▶ _WHAT YOU NEED TO DO_
Leave the images out and repeat the data exactly as given.

** INFORMATION SUPPLIED follows **

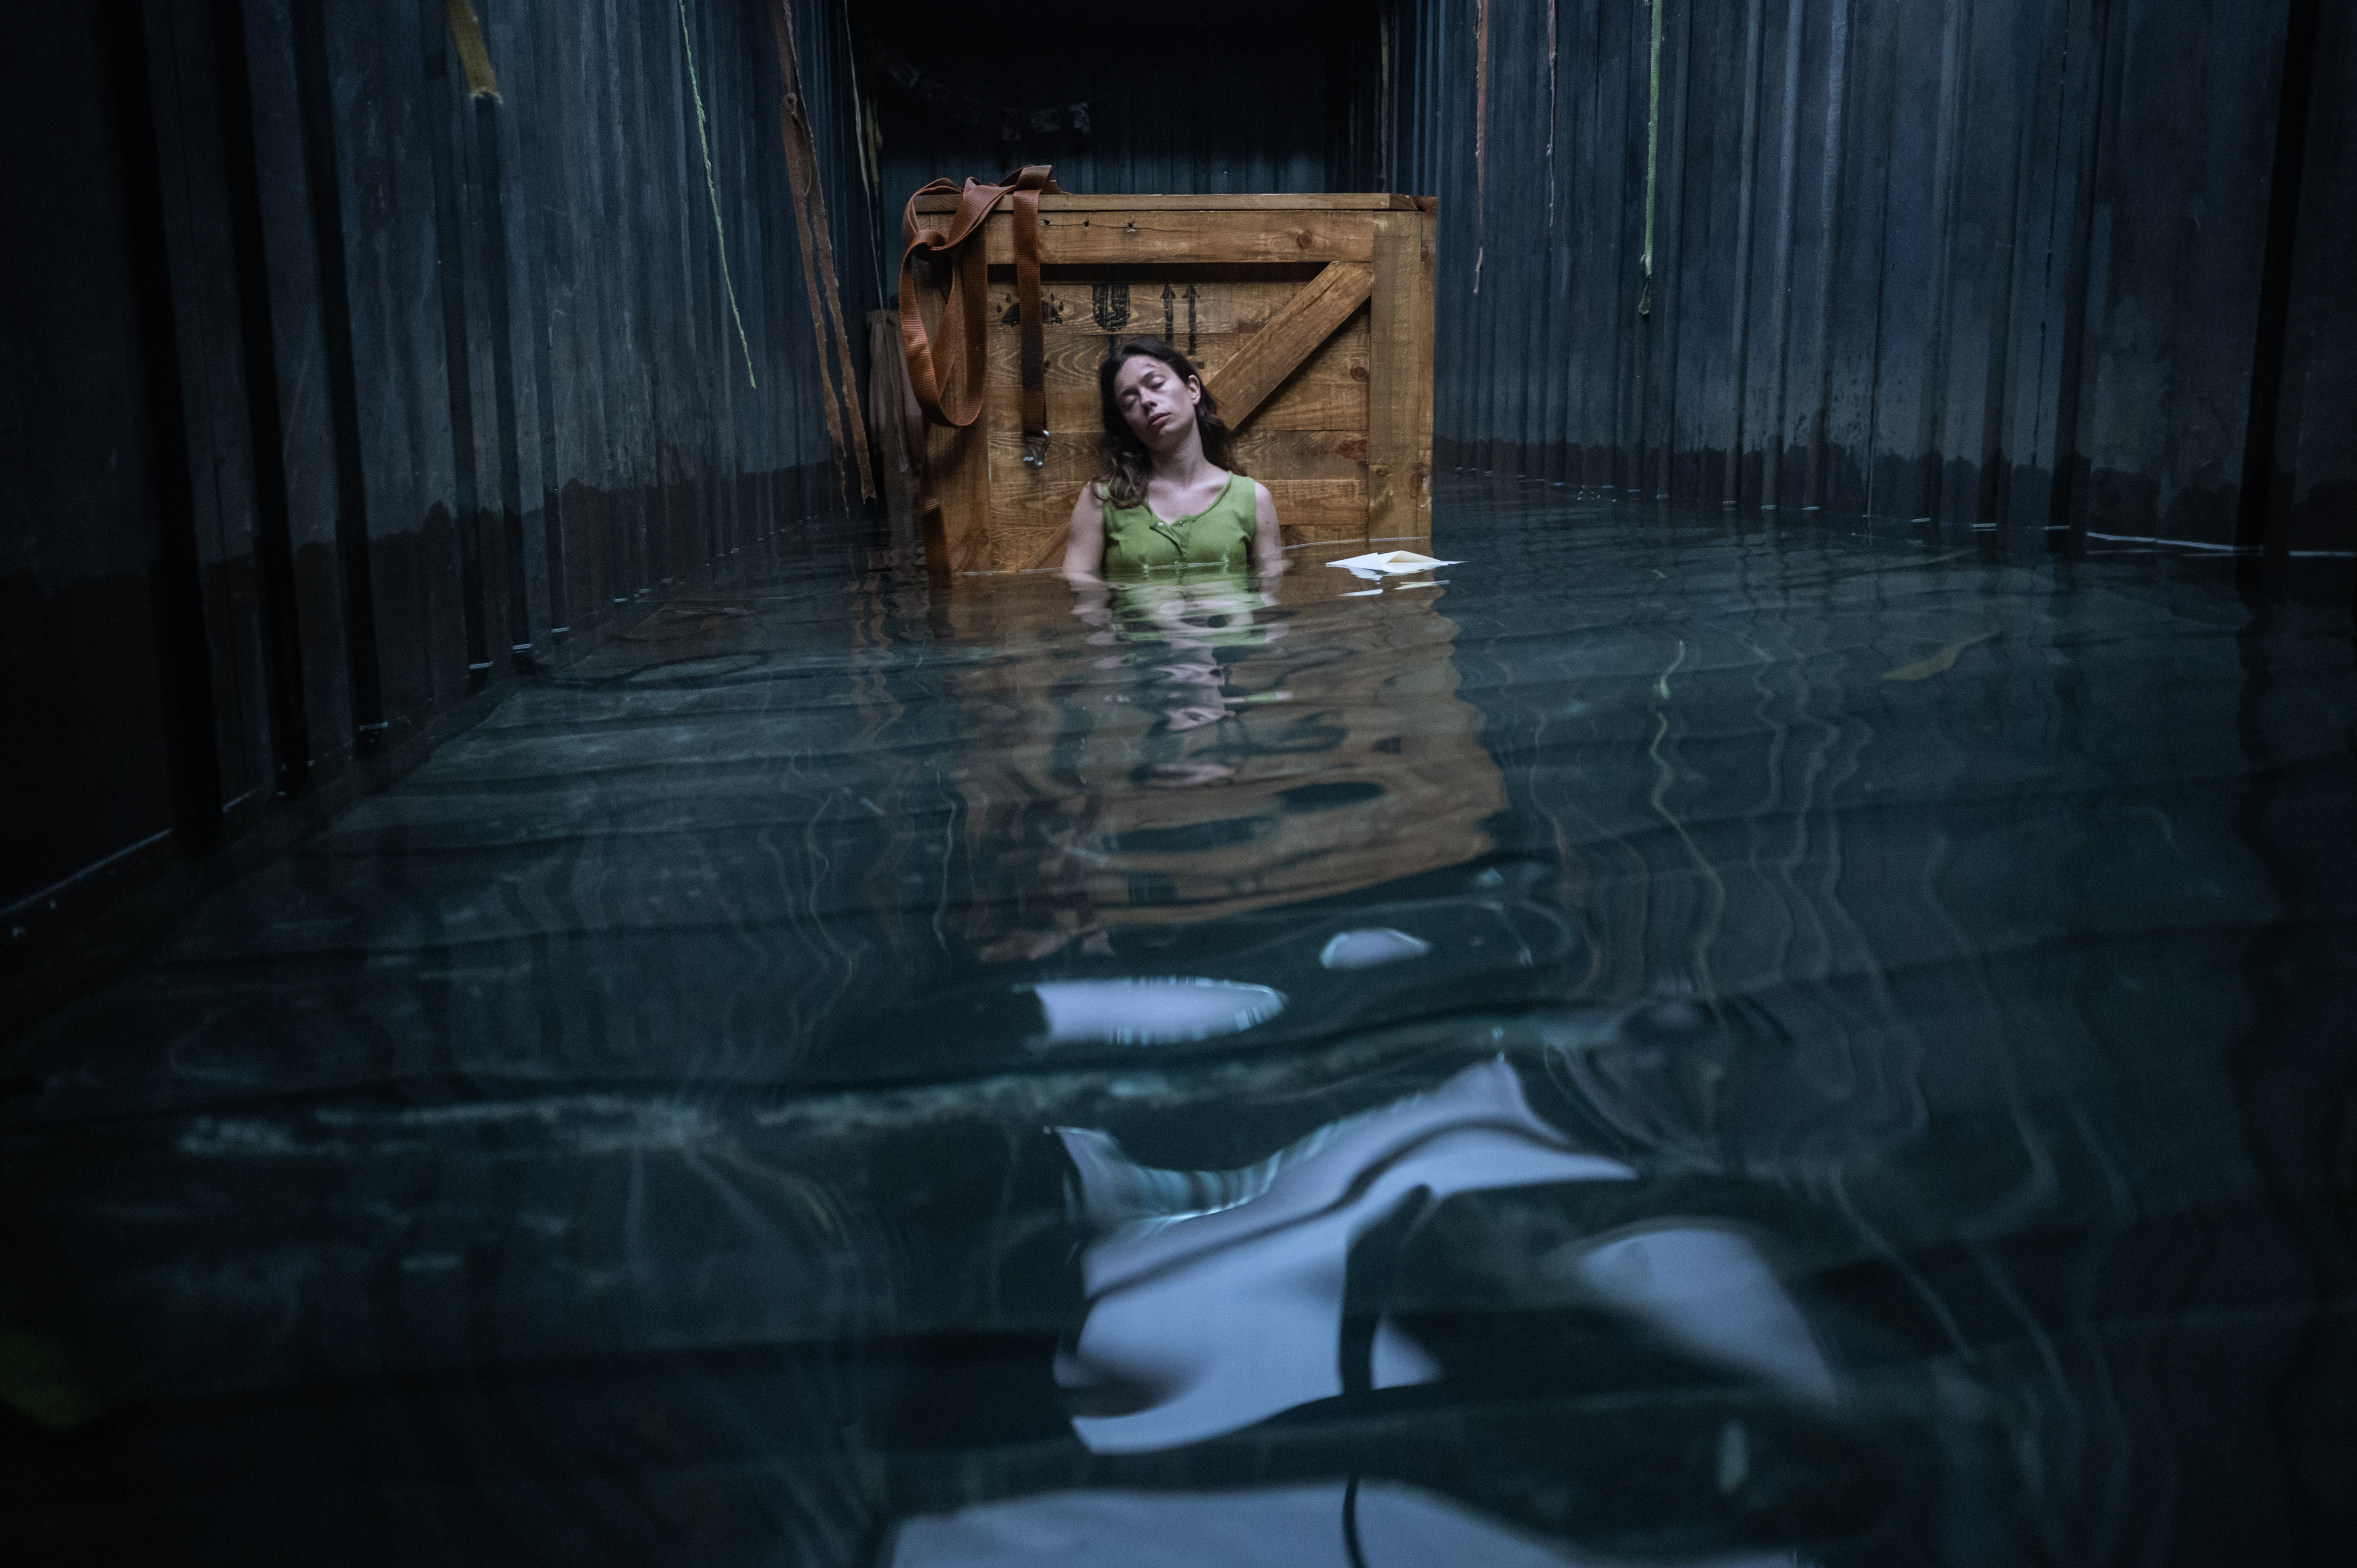 Die schwangere Frau strandet in einem sinkenden Frachtcontainer
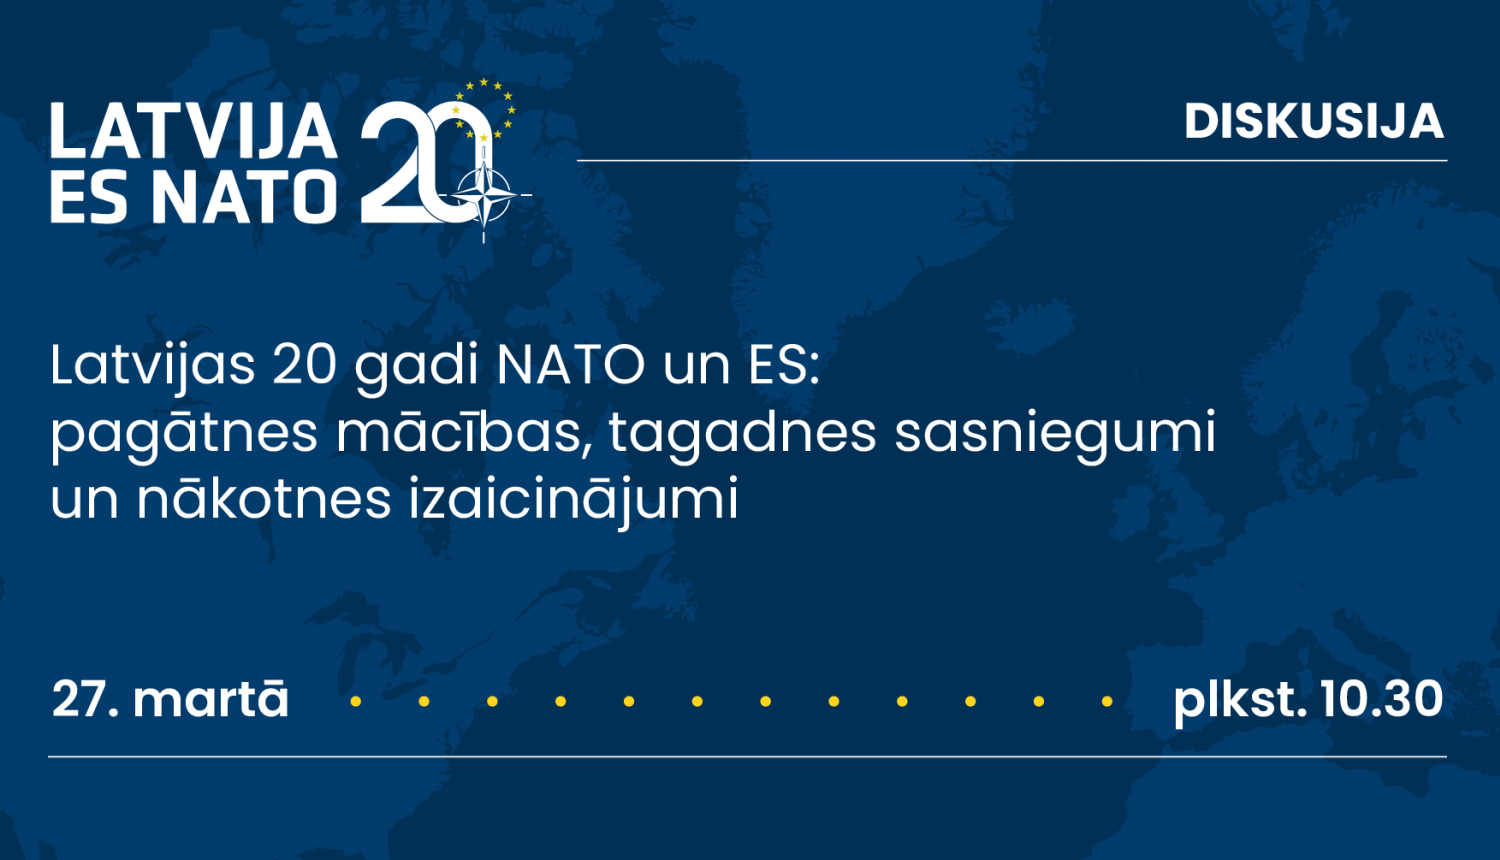 Diskusija “Latvijas 20 gadi NATO un ES pagātnes mācības, tagadnes sasniegumi un nākotnes izaicinājumi”. 
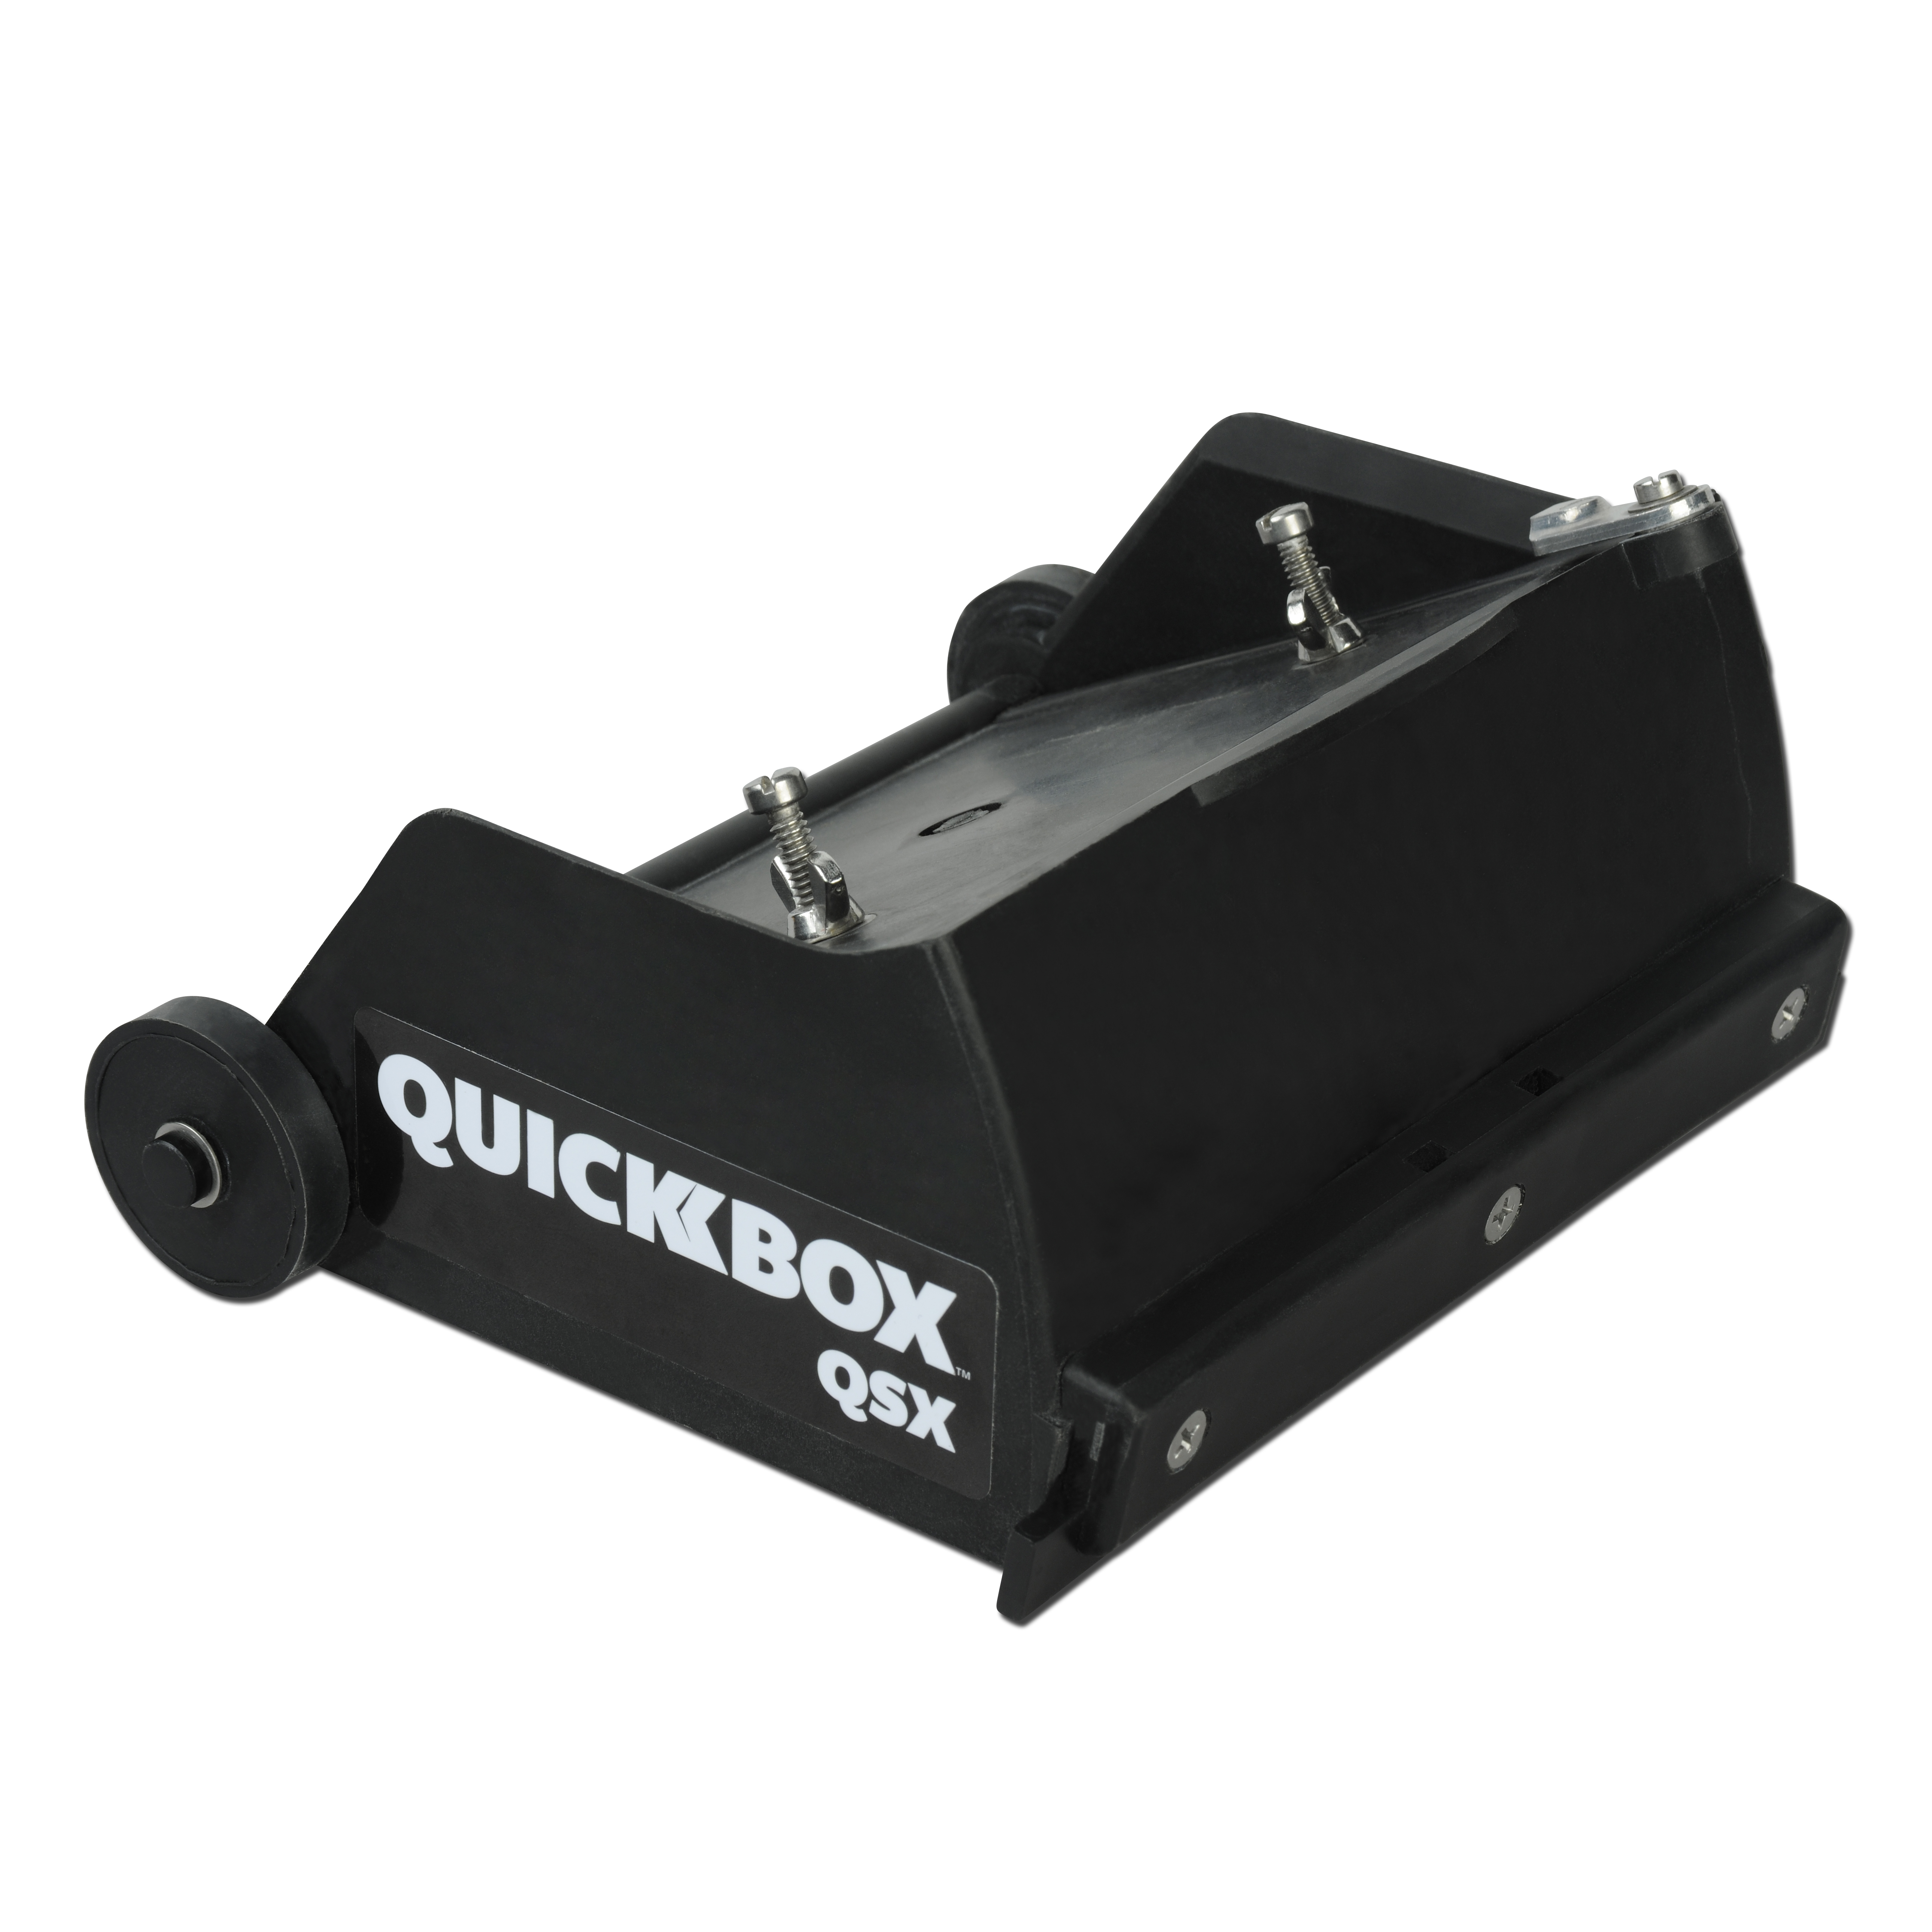 QuickBox™ QSX

** End of INFORMATION SUPPLIED **

▶ _SOLVED EXERCISE_
 Die schwangere Frau strandet in einem sinkenden Frachtcontainer
 Diskusija “Latvijas 20 gadi NATO un ES pagātnes mācības, tagadnes sasniegumi un nākotnes izaicinājumi”. 
 QuickBox™ QSX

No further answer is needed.